ISLAMABAD: The inflation rate fell to 12.4 per cent in February from 14.6pc the previous month because of various measures taken by the government to contain inflation, the Pakistan Bureau of Statistics (PBS) stated on Monday.

For the first time since July 2019, inflation measured by the Consumer Price Index (CPI) has seen downward trend owing to a combination of measures, including improvement in supply of essential kitchen items and State Bank’s tight monetary policy.
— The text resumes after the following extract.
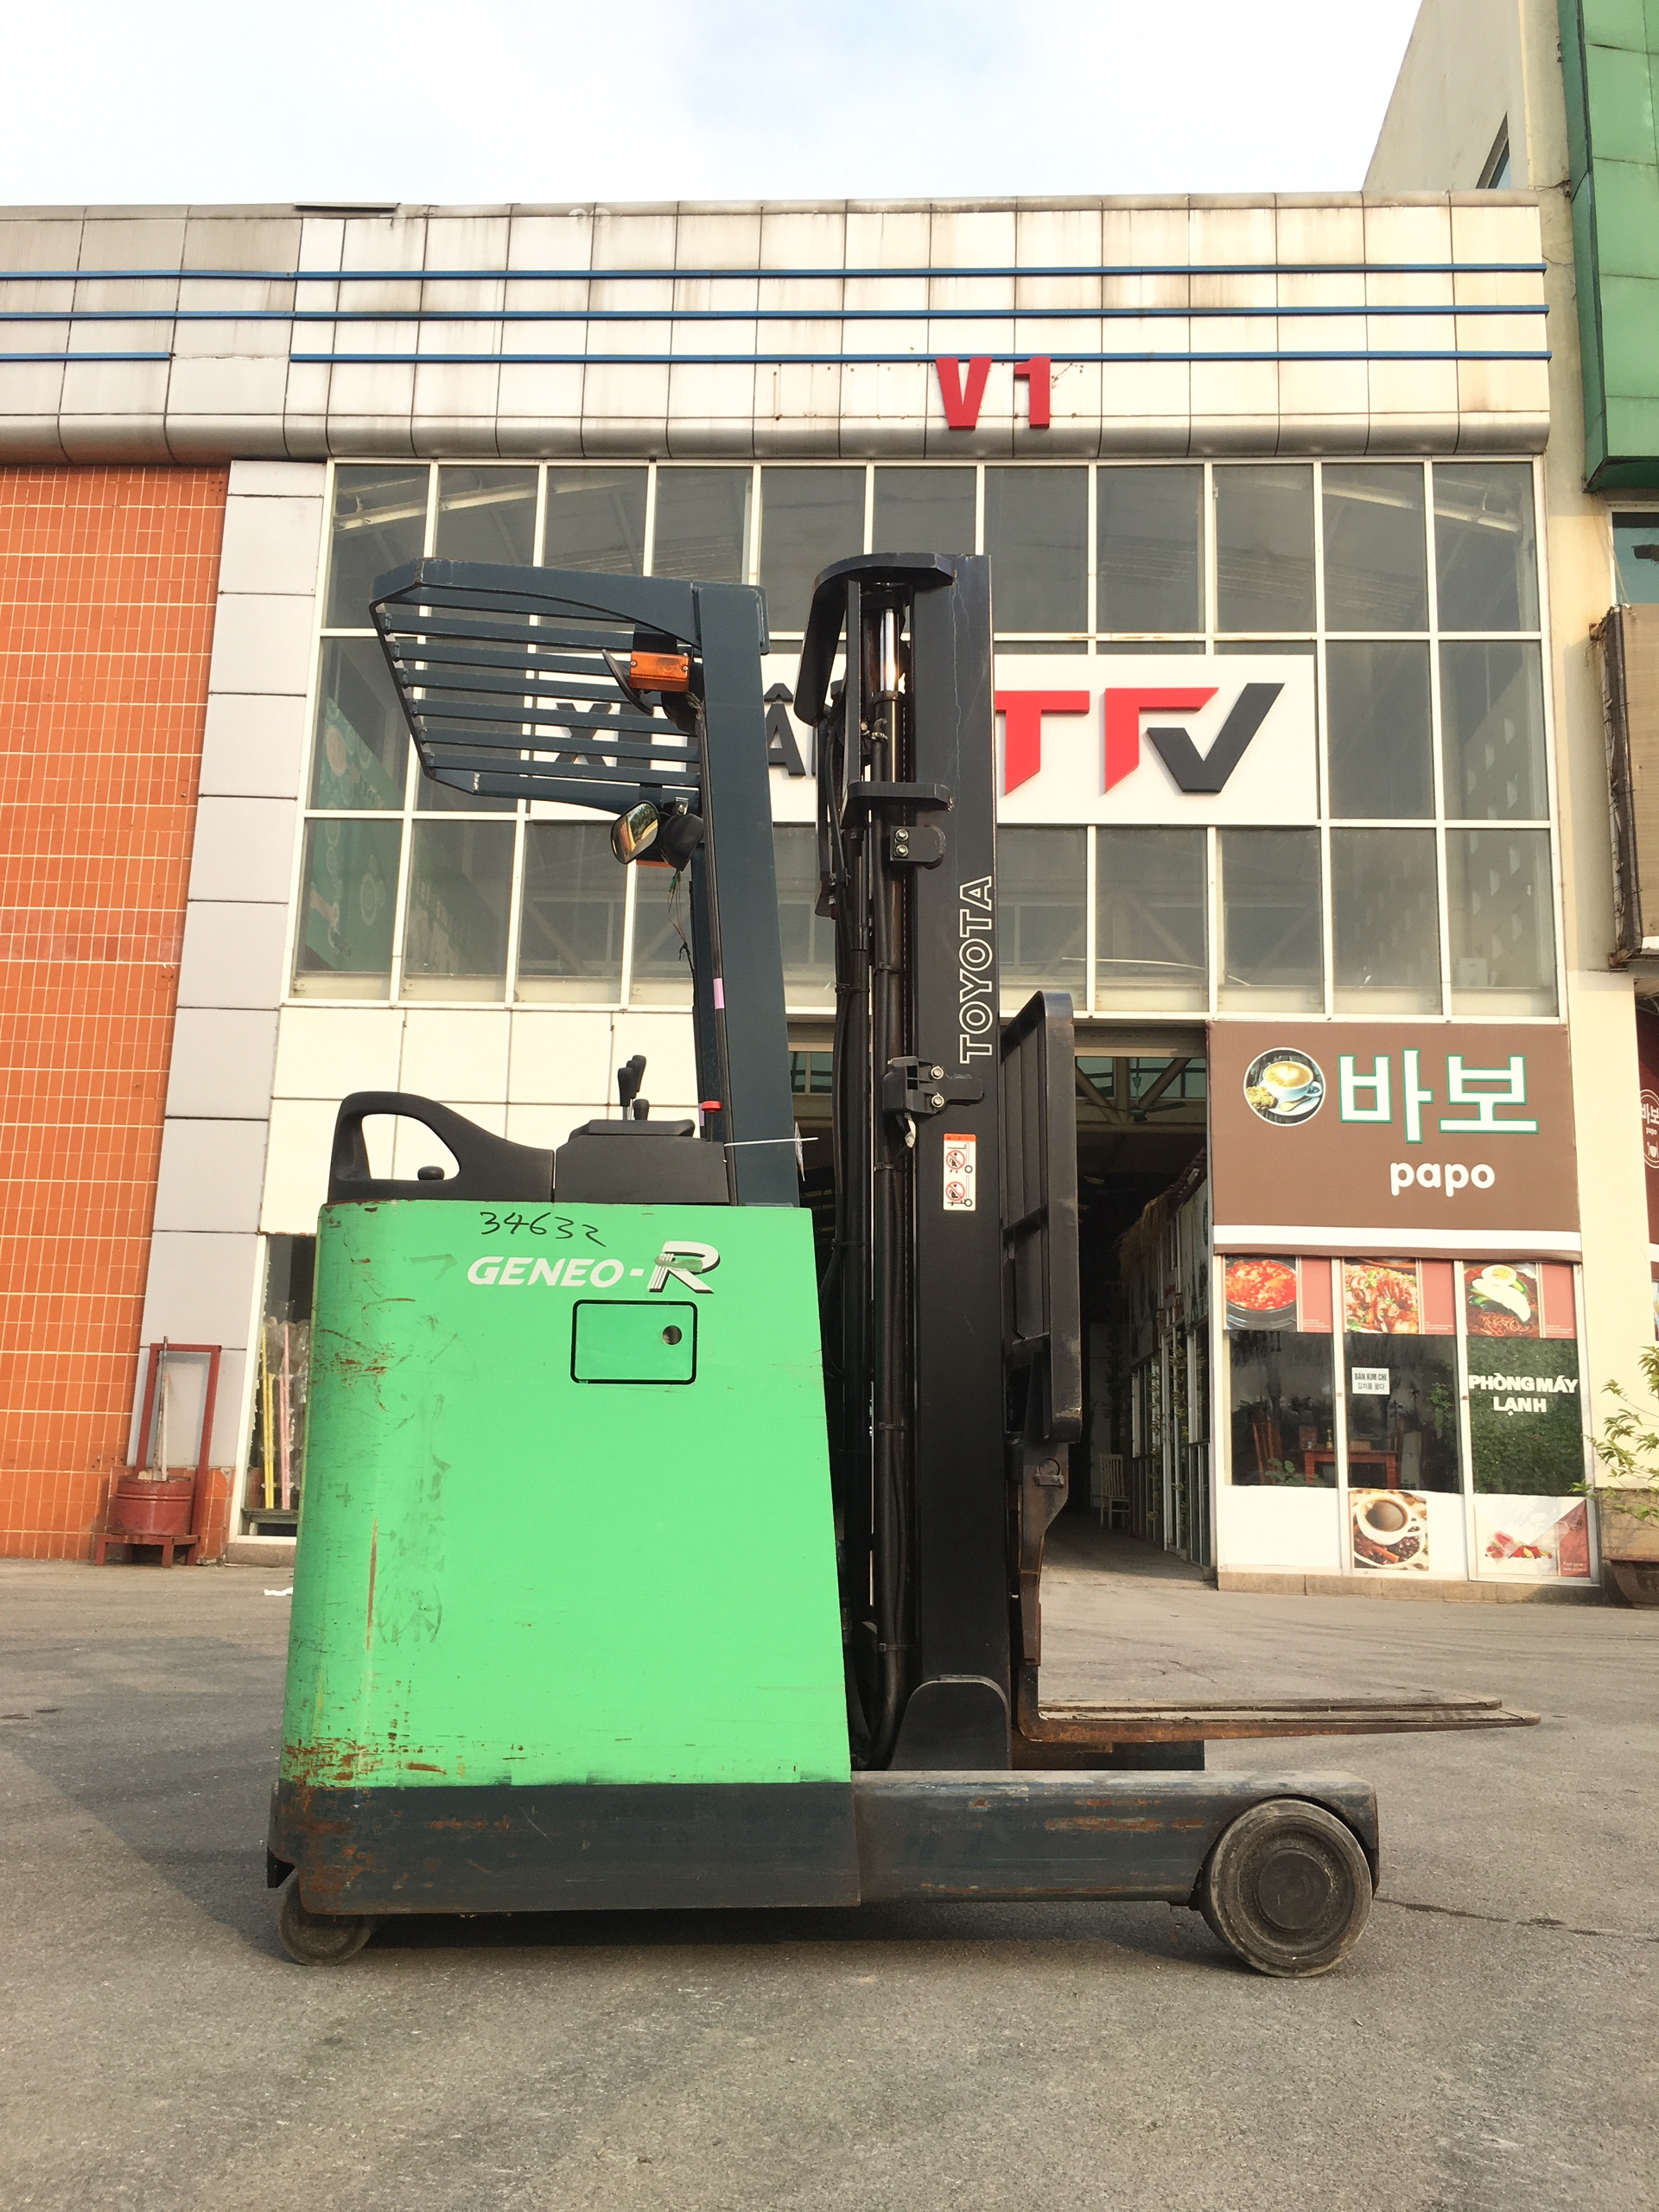 Xe nâng cũ Toyota 7FBR15-34632, tải trọng 1.5 tấn, nâng cao 3.8m, sx 2011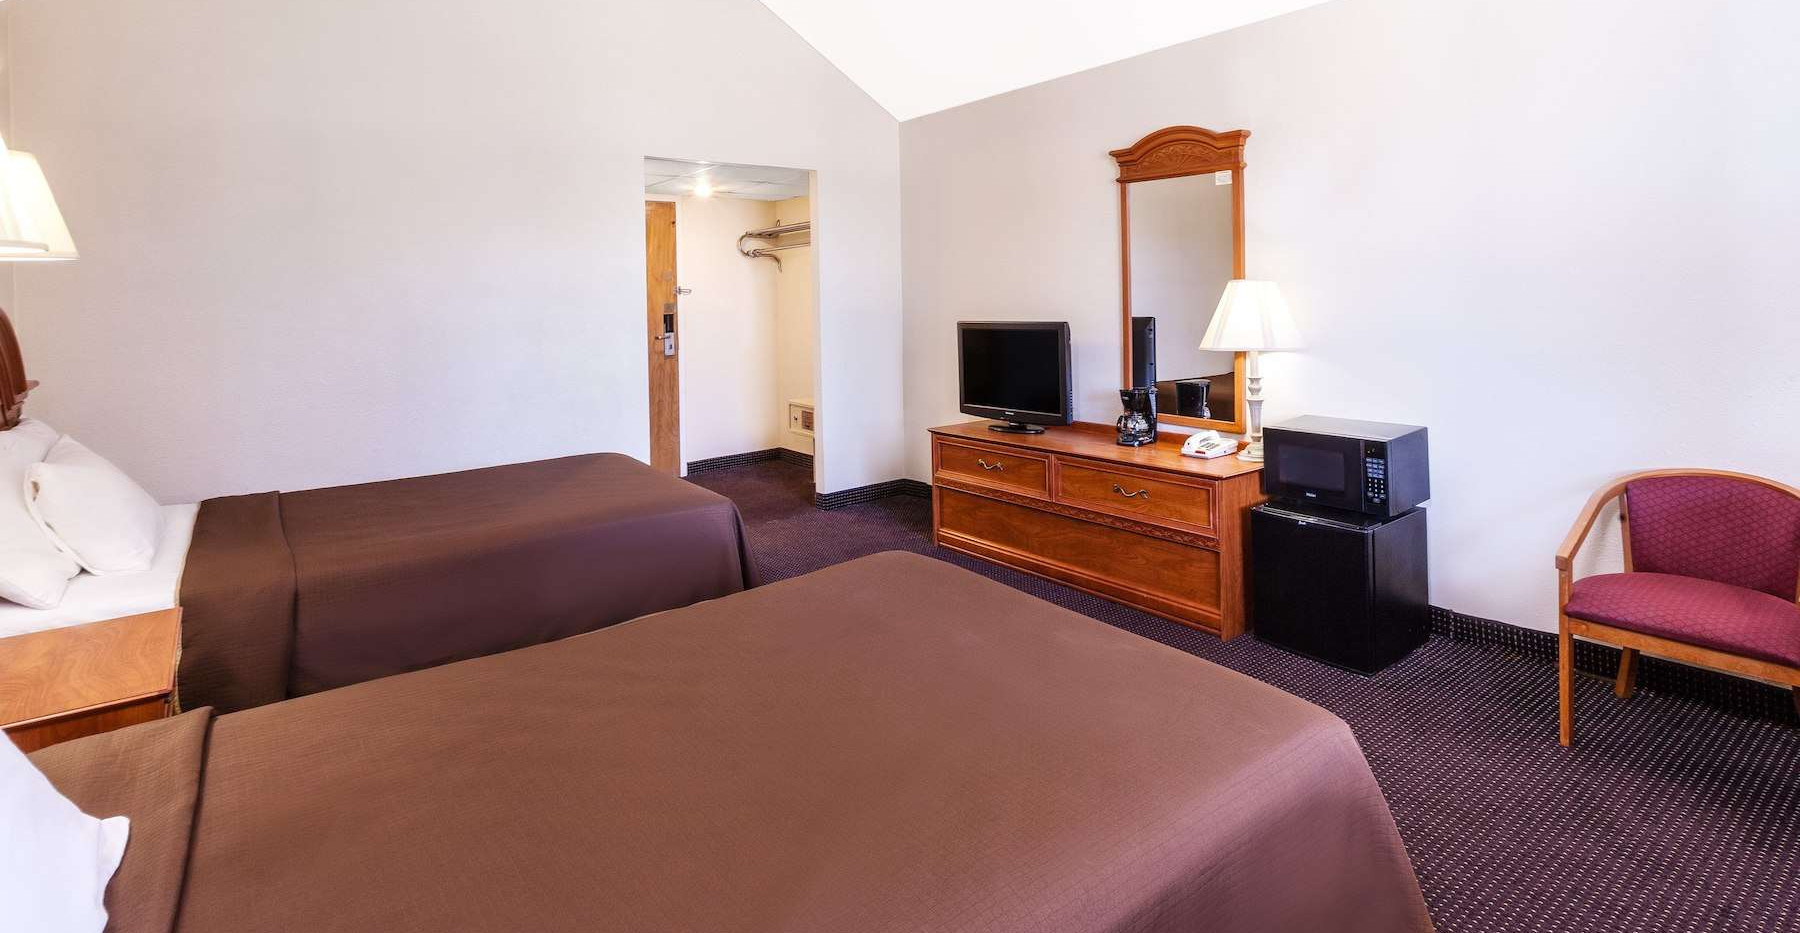 10713_guest_room_5.jpg

Prime Minister Imran Khan took to Twitter to appreciate cabinet’s decisions that led to reduction in inflation, including subsidy on products through utility stores. “We will continue pursuing measures to bring down inflation and reduce burden on citizens,” he said.

It has been observed that the prices of essential food items, especially vegetables and fruits, are higher in rural areas than in urban areas. In rural areas, the price of LPG cylinders used for cooking purpose has witnessed the highest-ever increase since 2013.

PM tweets ‘we will continue pursuing measures to bring down inflation and reduce burden on citizens’

Food inflation in urban areas rose by 15.5pc in February on a yearly basis and dipped by 1.4pc on a monthly basis, whereas it increased by 19.7pc and declined by 1.6pc, respectively, in rural areas.

It clearly shows that food inflation is very high in rural areas where most of the population lives, which is an unprecedented phenomenon. One of the reasons for it is imposition of regulatory duties on vegetables and fruits to discourage its imports from Afghanistan and Iran. And locally produced fruits and vegetables are being sold in urban markets because of higher prices.

In urban areas, the food items which saw an increase in their prices include: vegetable ghee (13.15pc), cooking oil (10.27pc), sugar (8.45pc), mustard oil (4.25pc), fresh fruits (4.16pc), beans (3.89pc), chicken (2.35pc), pulse moong (2.27pc) and pulse mash (1.14pc). The items whose prices declined in urban areas include: tomatoes (60.27pc), eggs (26.36pc), potatoes (12.91pc), fresh vegetables (11.48pc), onions (8.79pc), wheat flour (5.29pc), wheat (3.52pc), pulse gram (2.34pc) and besan (2.33pc).

In rural areas, the food items which saw an increase in their prices include: sugar (8pc), vegetable ghee (6.23pc), condiments and spices (5.99pc), chicken (5.76pc), pulse mash (5.13pc), pulse masoor (4.27pc), pulse moong (3.94pc), fresh fruits (3.56pc), beans (2.99pc), cooking oil (2.54pc) and mustard oil (1.63pc).

With the arrival of crops, especially vegetables, in Punjab in March, it is predicted that food prices will come down further. The prices of tomato, onion, potato and other vegetables will come down in March.

Similarly, non-food inflation in urban centres was recorded at 9.1pc year-on-year, while it dropped by 0.9pc on a monthly basis. Non-food inflation in rural areas was 9.8pc year-on-year and dropped by 0.4pc on a monthly basis.

The slight decline in non-food inflation is mainly driven by a drop in oil prices over the past few months. The reduction in oil prices in March will lead to further drop in non-food inflation.

The average inflation between July 2019 and Feb 2020 stood at 11.7pc as against 6pc over the corresponding months last year.

The International Monetary Fund has estimated that the country’s inflation may rise as high as 13pc; however, the government estimates that it will remain within the range of 11-13pc for the current fiscal year. The Asian Development Bank in its outlook projected annual inflation in Pakistan at 12pc.

The urban CPI covers 35 cities and 356 consumer items, while the rural CPI tracks 27 rural centres and 244 items. The former dipped by 11.2pc year-on-year in February, whereas the latter jumped by 14.2pc.

The core inflation rate in urban areas was 8pc in February as against 7.9pc the previous month, according to the new methodology. The core inflation rate in rural areas was 9.4pc in February, while it was 9pc in the previous month.

The central bank determines the key policy rate — currently at 13.25pc — on the basis of the core inflation rate.

Average inflation measured by the Sensitive Price Index crawled up to 15.25pc during the July-February period from 2.74pc during the same period last year, while the Wholesale Price Index dipped to 13.49pc from 15.95pc.

In a series of tweets, Special Assistant to the Prime Minister on Information Dr Firdous Ashiq Awan has said Prime Minister Khan is determined to check inflation and provide relief to the masses. She said the fruits of practical steps towards that end have started reaching the masses.

Alluding to the declining trend witnessed in the prices of essential commodities during the month of February, she said that apart from food items, the prices of other essential items had also reduced to single digit. She said the people were directly benefitting from this fall in prices of essential items, adding that the prices were expected to come down further during the current month.